Kerry Washington, known for her roles in Scandal, Django Unchained, and (as Anita Hill) in HBO’s Confirmation, was terrific as the overwrought mom. 


She could move from deferential to volcanically angry in a millisecond, and was gripping throughout. Steven Pasquale as her conflicted and guilty husband proved a full match for her, and a good foil for her anger and anxiety. The direction was crisp and fast moving, rather like a TV show. The only thing I missed was more sense of character development. This was an almost entirely plot-driven show, with little time for analysis of the complex marriage or on Jamal’s evolution, and a bit more of that would have given the show more depth and space for reflection about the complex issues it raised. This made the very good but not great in the final evaluation. But I suspect the playwright was going for more of a Macbeth than a Hamlet-style tragedy here, and certainly succeeded in keeping me engaged.
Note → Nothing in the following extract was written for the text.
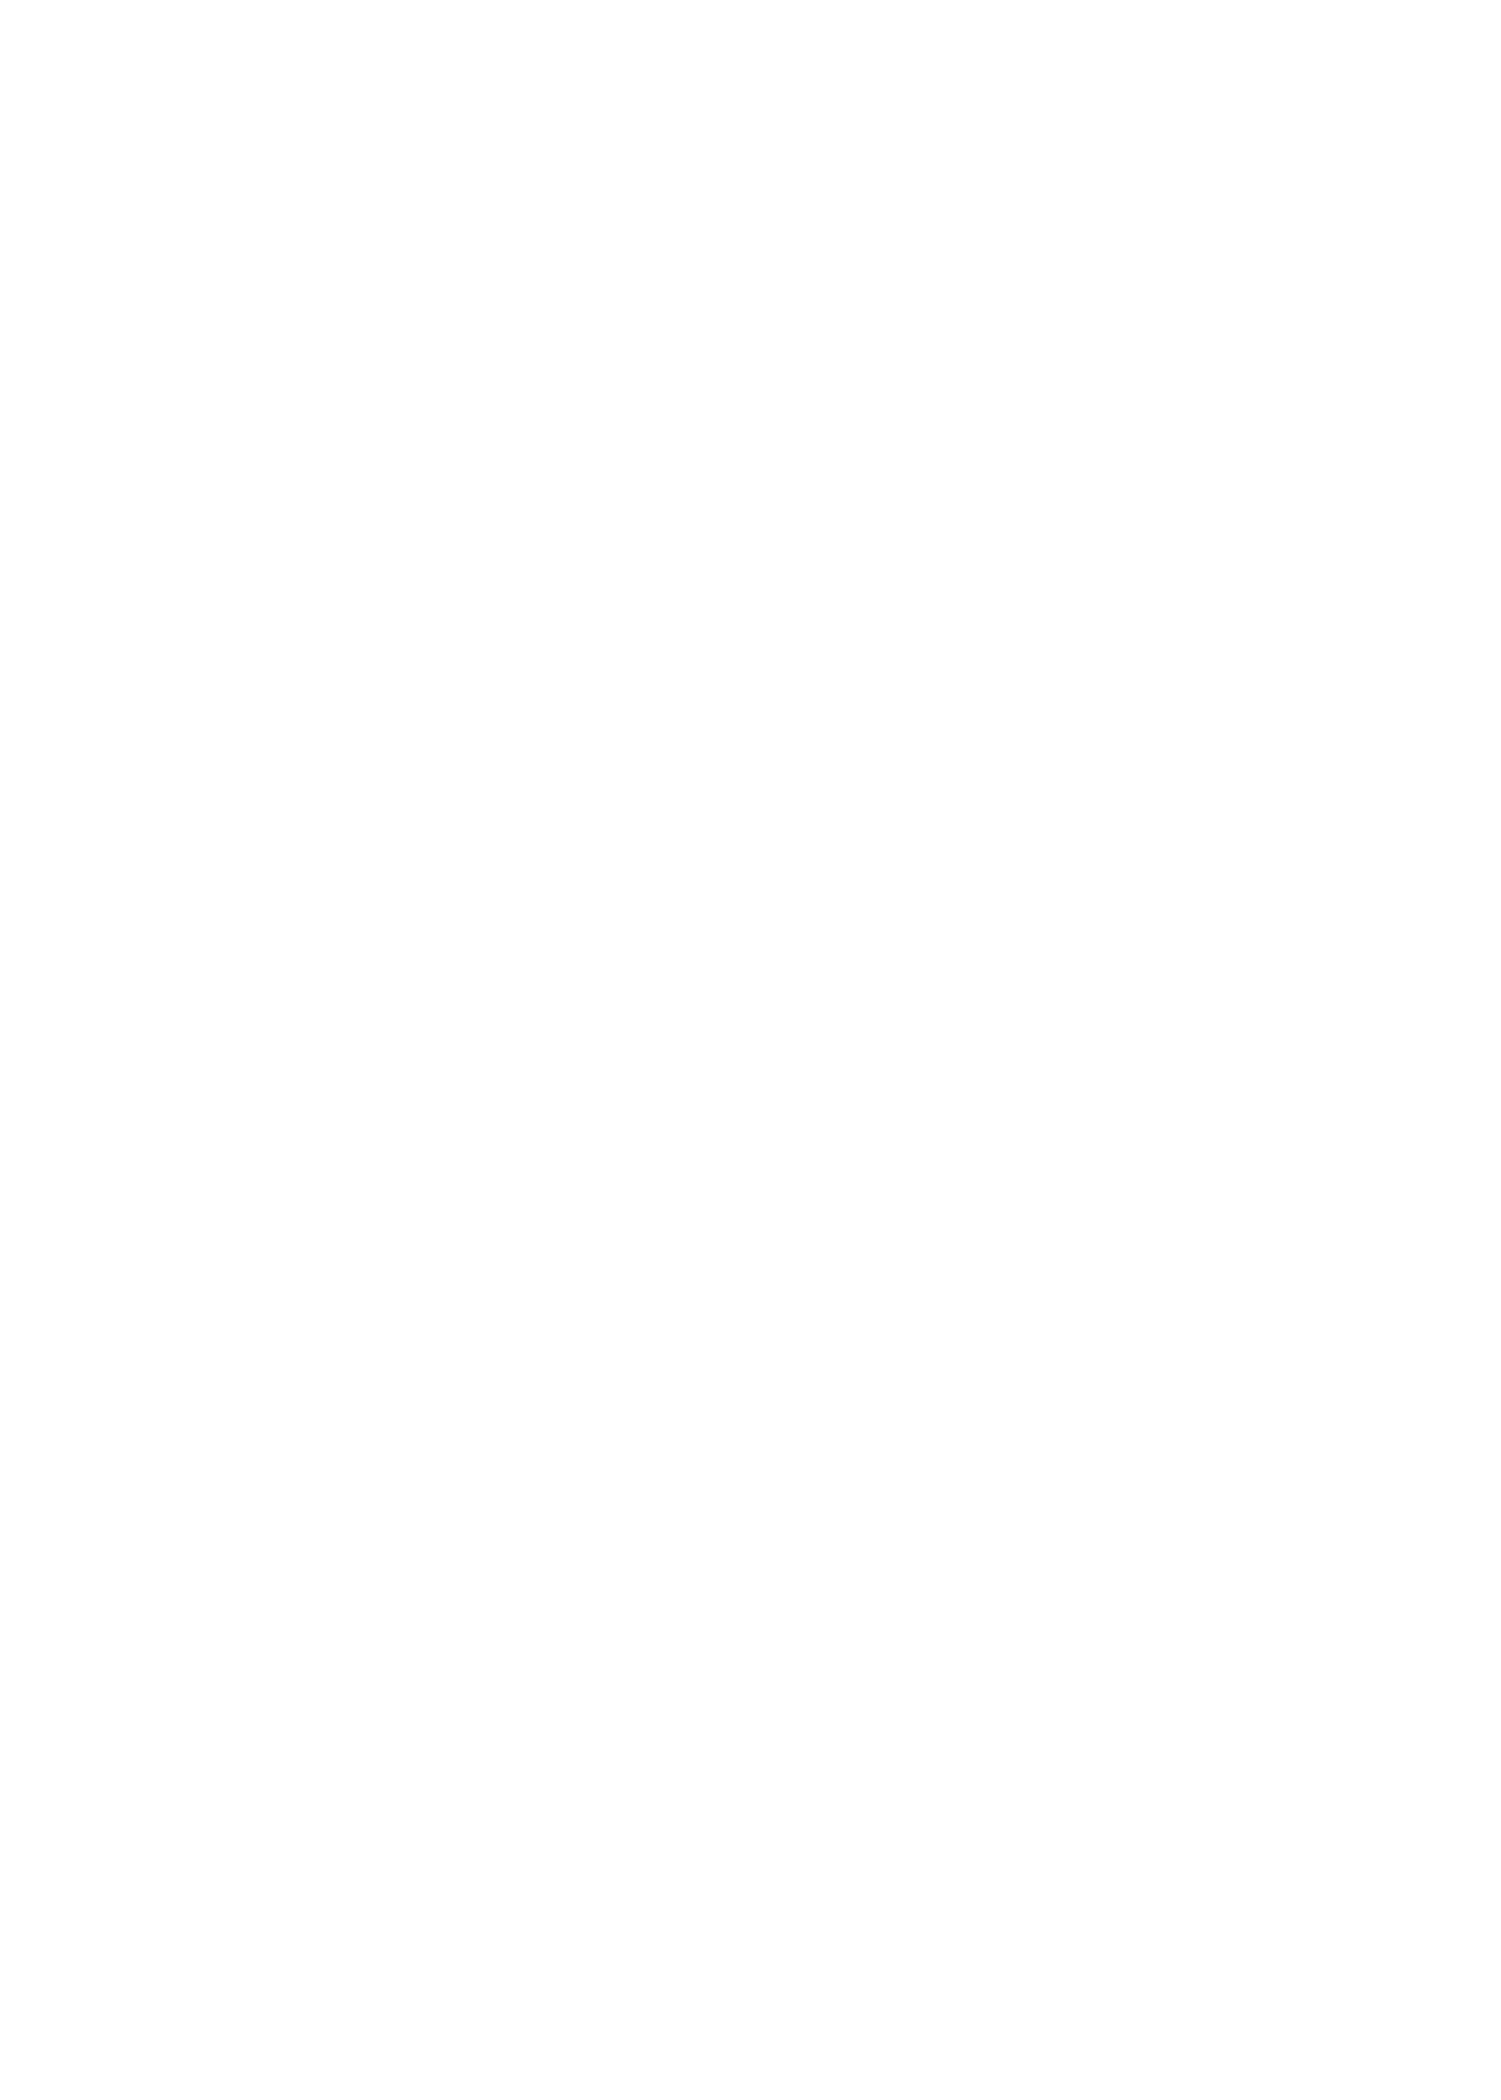 Allies Inc logo

When the tragic outcome was quietly and matter-of-factly read on stage, there was a big audible gasp from the audience; the play succeeded in giving the Broadway audience a gripping evening, albeit unrelentingly intense and grim. Other plays like the recent Scraps by Geraldine Inoa were more effective in laying out the sociology behind police violence and the scars in the black community. American Son begins as a political play, but skirts explanations and morphs into a moving human family drama. It’s a very good play that you should see if it comes to your area.